Как тут не ободраться?
В канун катастрофы (которая только чудом не стала «всемирно-исторической») там, на предпоследнем этаже доходного дома, квартировать считалось разве что только дозволительно — в начале жизни. Но в свои двадцать прапорщик, воюющий два года и получивший Анну за Брусиловский прорыв, был социально ущемлен. Фамильное предание гласит, что Нюша, в бабу Нюшу, которую я застал, далеко еще не превратившаяся, очень была обижена, когда он перед своими однокашниками по Владимирскому юнкерскому выдавал ее, бабушкину родственницу, за служанку.
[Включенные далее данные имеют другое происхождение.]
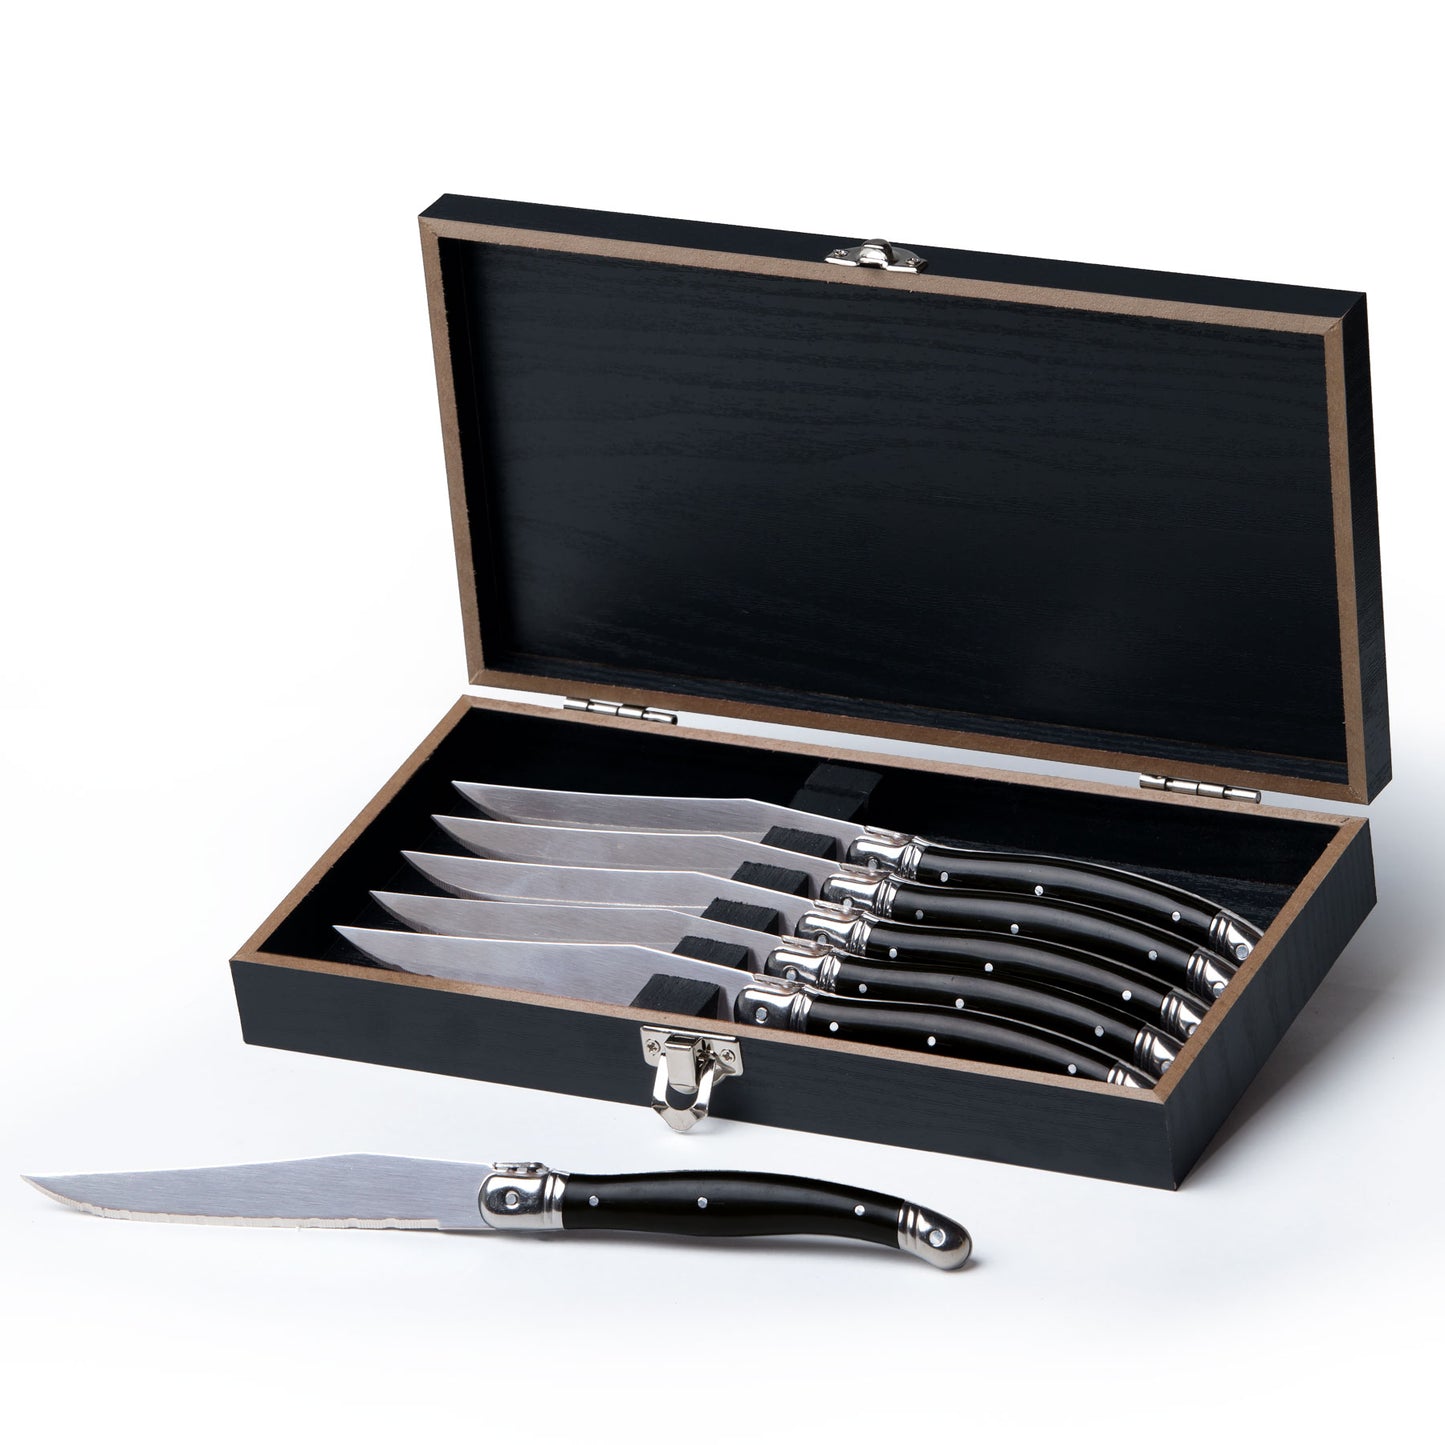 Six piece knife set in black bespoke beech wood box with hinges
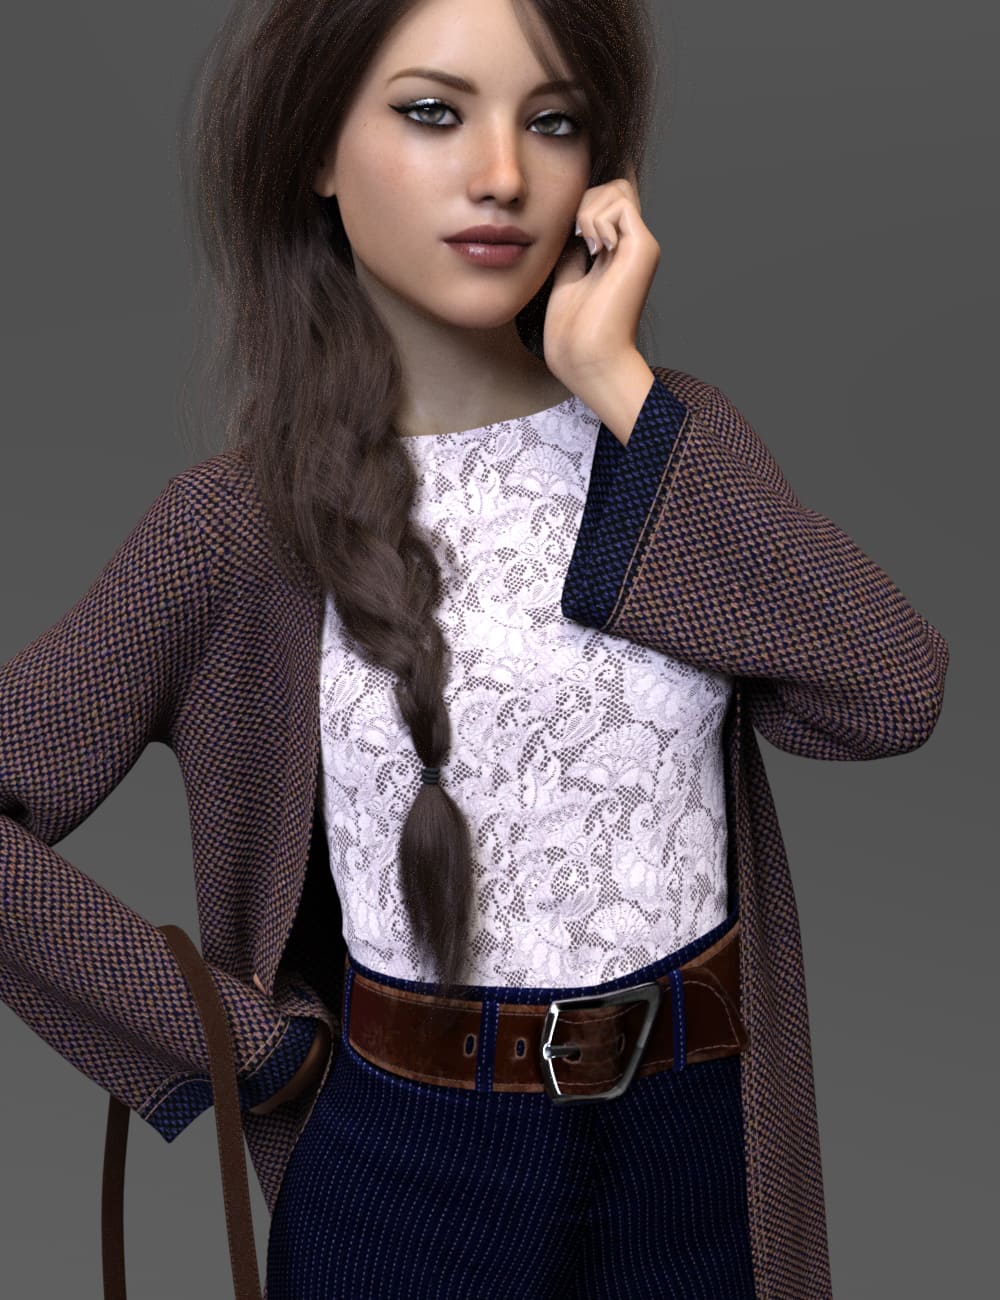 dForce Iconic Style Outfit Textures_DAZ3D下载站

Со своей стороны могу добавить, что крутая лестница с перилами, ободранными до железа, непрочность вокруг пролета, в черноту которого я в детстве плевал для храбрости, преодолевая знание о сброшенных или бросившихся туда от отчаяния жильцах, до сих пор преследует меня в кошмарах, достигающих визуальной грандиозности культовой «Бразилии» или «Властелина колец».
И однако, помимо парадного двухстворчатого, был еще черный ход, две залы с венецианскими окнами в ущелье переулка, ставшего улицей Ломоносова, плюс маленькая комната, каморка служанки, и кухня, которые выходят в каменный мешок внутреннего двора.